This study was conducted at the Beijing Institute of Ophthalmology with the approval of the Medical Ethics Committee of Beijing Tongren Hospital (TREC-2017-KY031). All subjects were informed of the aims of the study and their consent was obtained according to the declaration of Helsinki. Twenty-five patients (13 men and 12 women; mean age: 41.16 ± 16.28 years; range, 19–66 years) with DED and 25 age-matched control subjects (11 men and 14 women; 42.72 ± 9.62 years; range, 25–65 years) were included in this study. DED patients were consecutively recruited from the Cornea Unit of Beijing Tongren Hospital in April 2017. According to the consensus report by the International Dry Eye Workshop (2007),¹² the inclusion criteria for the DED group were as follows: (1) age older than 18 years; (2) Ocular Surface Disease Index (OSDI) score greater than 12; (3) FBUT less than 10 seconds; and (4) the Schirmer I test less than 10 mm. All control subjects had a FBUT >10 seconds, with no complaint of ocular surface irritation and no abnormality on biomicroscopic examination and ocular surface tests. The exclusion criteria for both groups were as follows: (1) age younger than 18 years; (2) subjects unable to complete the questionnaire or to understand the procedures; and (3) the presence of ocular or systemic disease or the use of topical or systemic medications that may affect the ocular surface and previous history of eye surgery or contact lens wear. 

All subjects underwent quantification of ocular surface symptoms using the OSDI questionnaire with a score ranging from 0 to 100 (0–12, asymptomatic; 13–32, mild to moderate symptoms; 33–100, severe symptoms).¹³ Then clinical examinations were performed in the following order: lipid layer thickness measurement (LLT) and blink pattern analysis, infrared Meibomian gland (MG) photography, FBUT, corneal and conjunctival fluorescein staining, and the Schirmer test. 

The LLT and blink pattern were analyzed with the Lipiview II (TearScience, Morrisville, NC, USA). The patients' eyes were positioned in front of an illumination source and a 20-second video with 600 frames (800 × 600-pixel resolution) was captured and recorded.

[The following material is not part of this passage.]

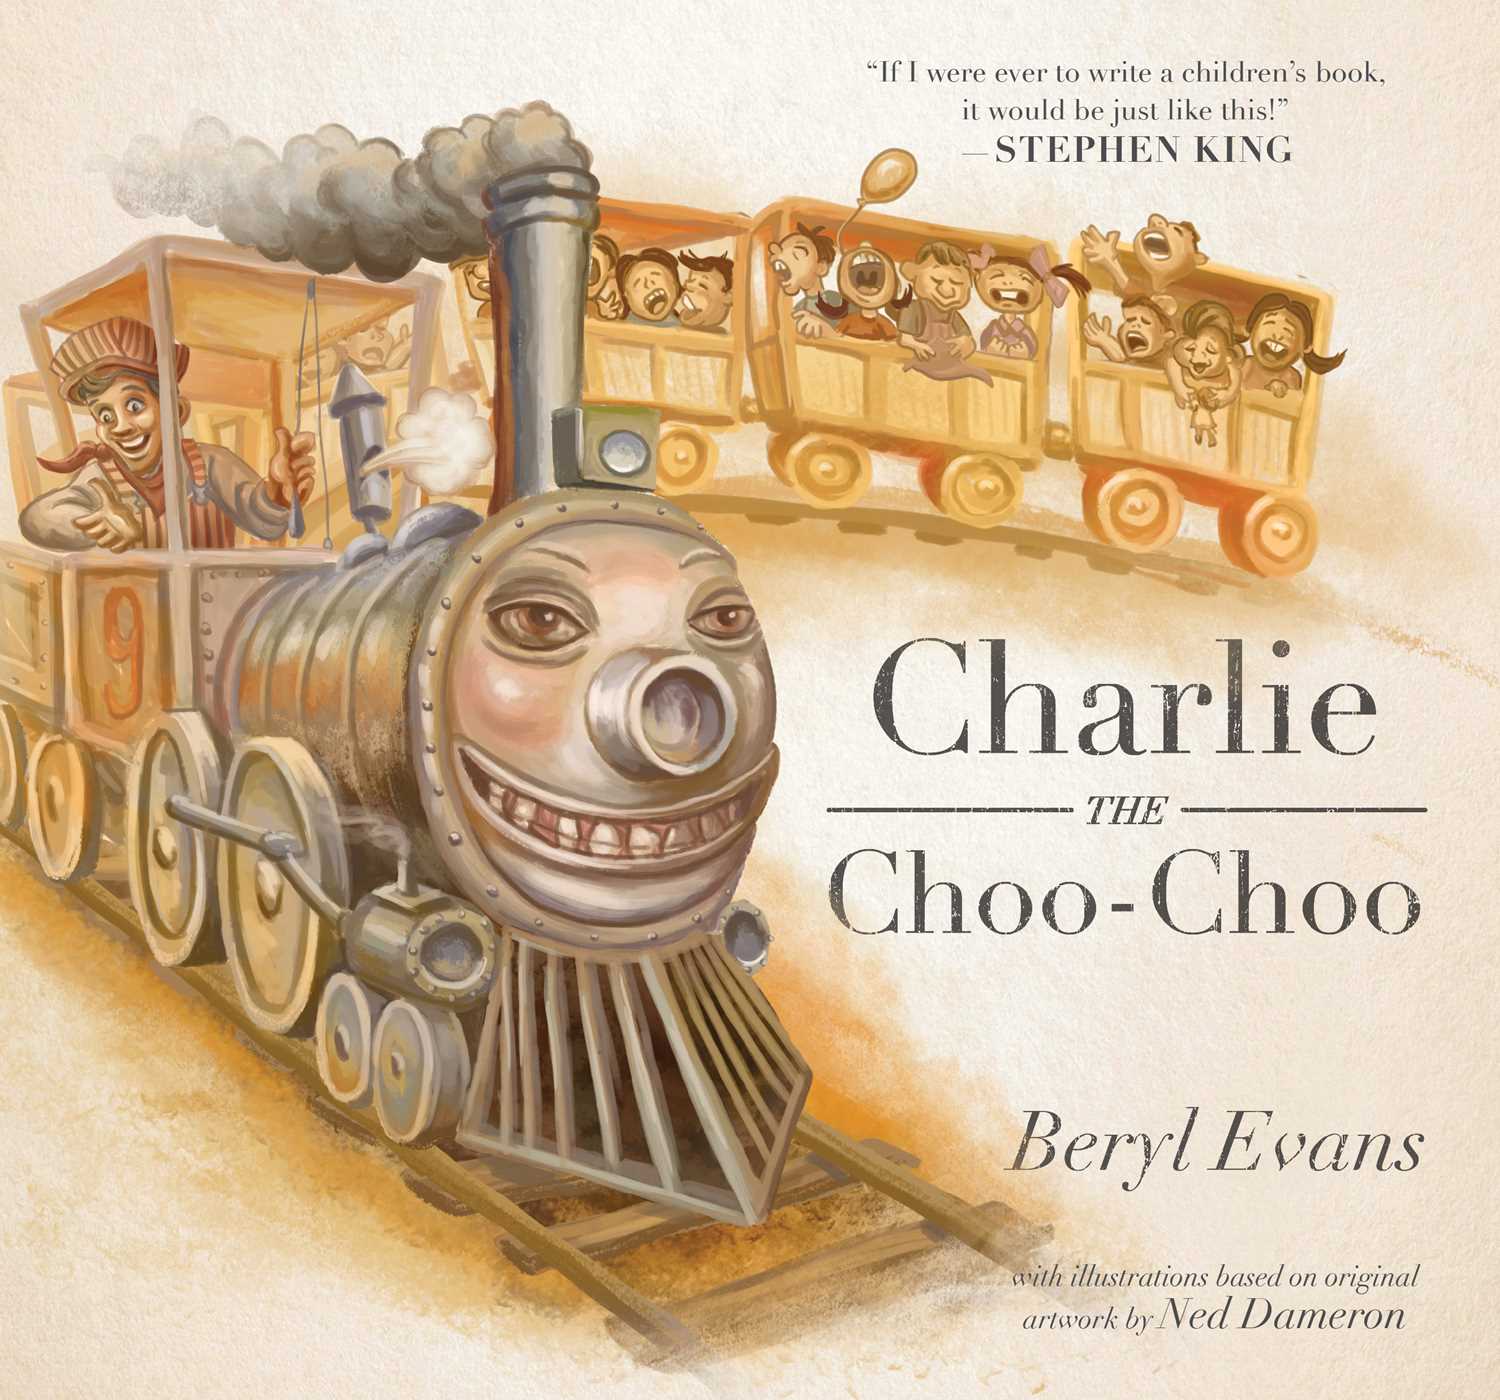 Photo of The Little Engine that Stirred Up Debate: "Charlie the Choo-Choo"
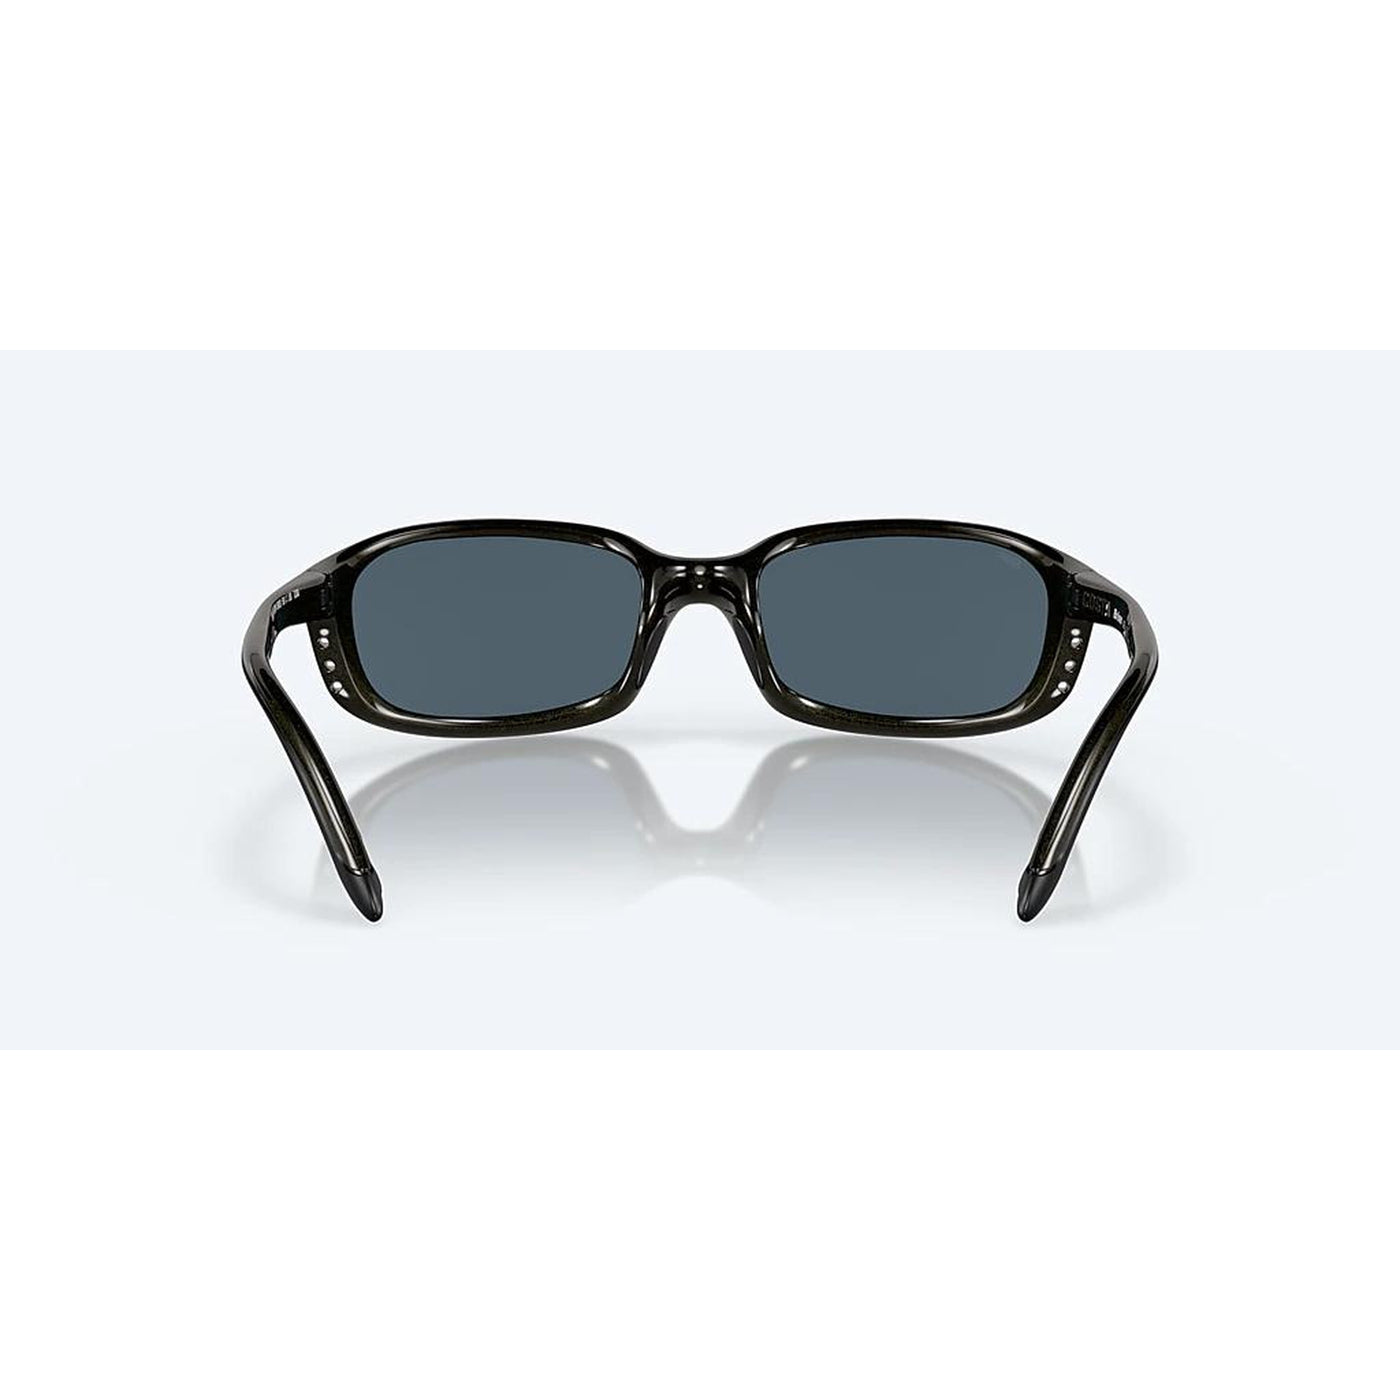 Costa Brine-Sunglasses-Topline Eyewear

The participants were asked to blink freely during examination. The interferometric color unit (ICU) value reflected the local LLT with 1 ICU equivalent to 1 nm of lipid layer thickness. The accuracy was evaluated with the conformance factor (CF) value, which had to be above 0.7 in all subjects. To evaluate the lipid layer thickness heterogeneity over the ocular surface, the tear film LLT coefficient of variation (LLT-CV)¹⁴ was calculated for each eye as the result of the SD divided by the mean value. The integrity of the MGs was assessed using a noncontact infrared meibography system (BG-4M; Topcon, Tokyo, Japan). This system employs a background illumination device with an infrared light transmittance filter that illuminates the MGs to assess their integrity. Meibography of the upper eyelids was then analyzed using ImageJ software (http://imagej.nih.gov/ij/; provided in the public domain by the National Institutes of Health, Bethesda, MD, USA) software as previously described.¹⁵ MG loss (MGL, expressed as %), representing the ratio of the MG dropout area over the total MG area, was calculated for each eye. FBUT was measured using sterile fluorescein strips impregnated with 0.6 mg fluorescein sodium (Alcon Laboratories, St. Louis, MO, USA). After applying 50 μL of normal saline solution to the paper strip, it was applied to the inferior fornix. The interval between a complete blink and the appearance of the first dry spot was noted. Two measurements were consecutively taken and the average of the two break-up times was calculated. Corneal and conjunctival staining was evaluated using the Oxford scale after instillation of fluorescein under a yellow filter. The Schirmer test was performed without anesthesia for 5 minutes with the patient's eyes closed. 

The spontaneous blink pattern was analyzed on the 600 frames provided by the 20-second video of the Lipiview II (TearScience, Morrisville, NC, USA). With the ImageJ software, the palpebral opening height (POH), defined by the vertical distance between the central points of the upper and lower eyelid margins, was measured. Considering the variance of POH in different subjects, the POH percentage (POH %) was evaluated as the POH divided by the maximum POH opening observed during the recorded blinks (POH % = POH / POH _max). For every subject, 600 POH values were measured from the 600 frames and scatter points were obtained (Fig. 1). The blink pattern was divided into five consecutive segments, including the eyelid closing phase (ECP), the closed phase (CDP), the early opening phase (EOP), the late opening phase (LOP), and the IBI (Fig. 2). As previously described, the EOP and LOP were defined as the period from the beginning of eyelid opening to 97% of complete opening and the period covering the last 3% of eyelid opening, respectively.¹⁶ During the 20-second examination, the duration of every phase in the blinking cycle was quantified. The definitions of blink phases are summarized in Table 1. The number of blinks and the rate of partial blinks were also evaluated during the 20-second video analysis. Partial blinks were defined as blinks with no contact between the upper and lower eyelids. 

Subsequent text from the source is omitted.